// THE MANUAL // ISSUE 04.18.26

Should You Buy Resident Evil Requiem?

Published April 18, 2026 · 7 min read · By The Manual
BUY

One of the easiest BUYs of 2026. 6 million units sold (fastest in series history), near-universal critical praise, dual protagonists that nail both survival horror and action. If you have any tolerance for the franchise, get it.

Quick Specs

Release
FEB 27
Platform
ALL
Price
$69.99
Length
10-12H

What It Is

Resident Evil Requiem is the ninth mainline Resident Evil game and the first non-remake mainline entry to return to the classic Resident Evil formula. Released February 27, 2026, it's a dual-protagonist game that alternates between two playstyles:

Grace Ashcroft — new protagonist, FBI analyst, daughter of Resident Evil Outbreak's Alyssa Ashcroft. Plays in classic survival horror style à la RE7 / RE2 Remake: limited resources, tense exploration, methodical encounters. Socially awkward, less experienced, deliberately vulnerable.

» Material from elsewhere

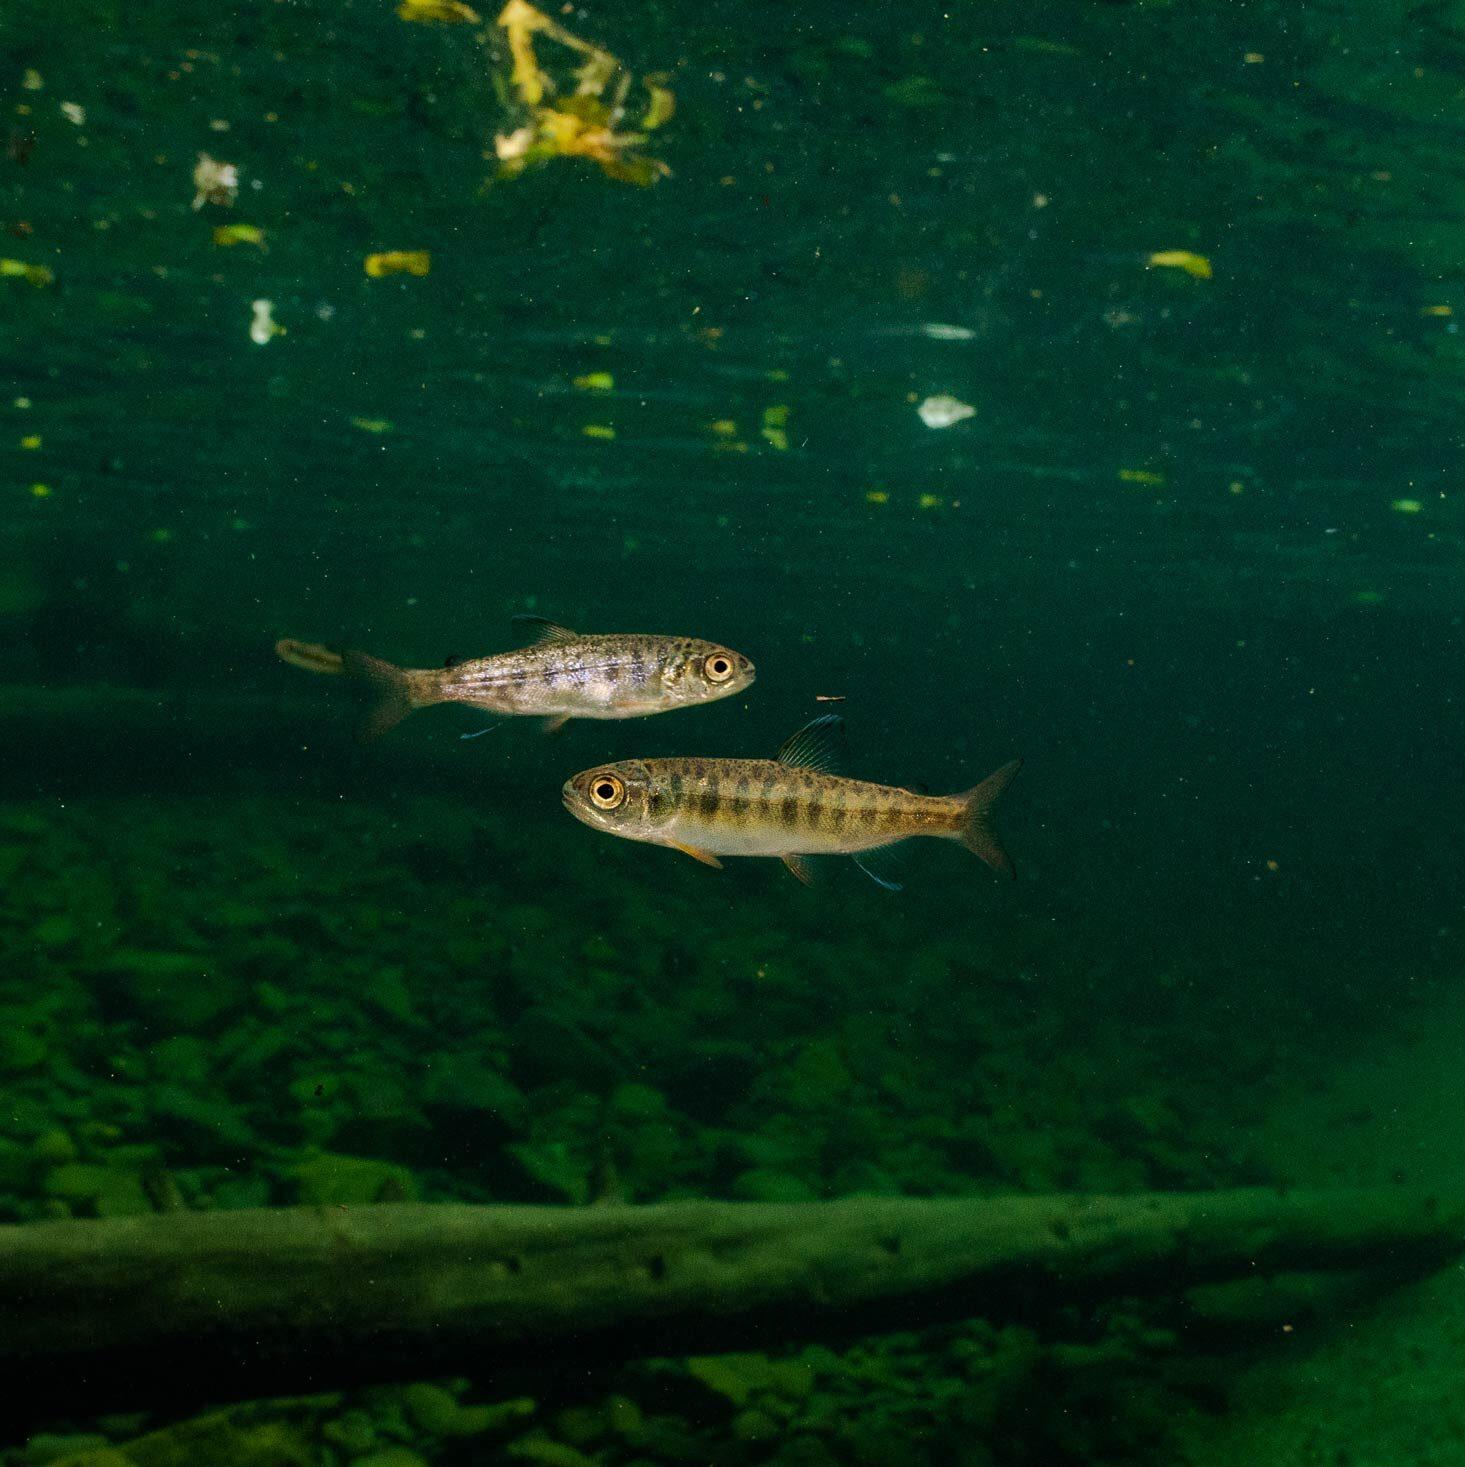 Two tiny fish float int he dark green sea.

Leon S. Kennedy — series veteran returning. Plays in action mode à la RE4 Remake: heavier firepower, the merchant system returns, fewer resource constraints, more crowd-control combat.

Why It's Selling Like Crazy

Capcom announced 6 million units sold — "the fastest that a title in the series has reached this milestone." That's serious commercial momentum, and it tracks with critical reception: PC Gamer called it one of the best in the series, IMDb's user score sits at 9.4, multiple outlets gave it 9/10 or higher.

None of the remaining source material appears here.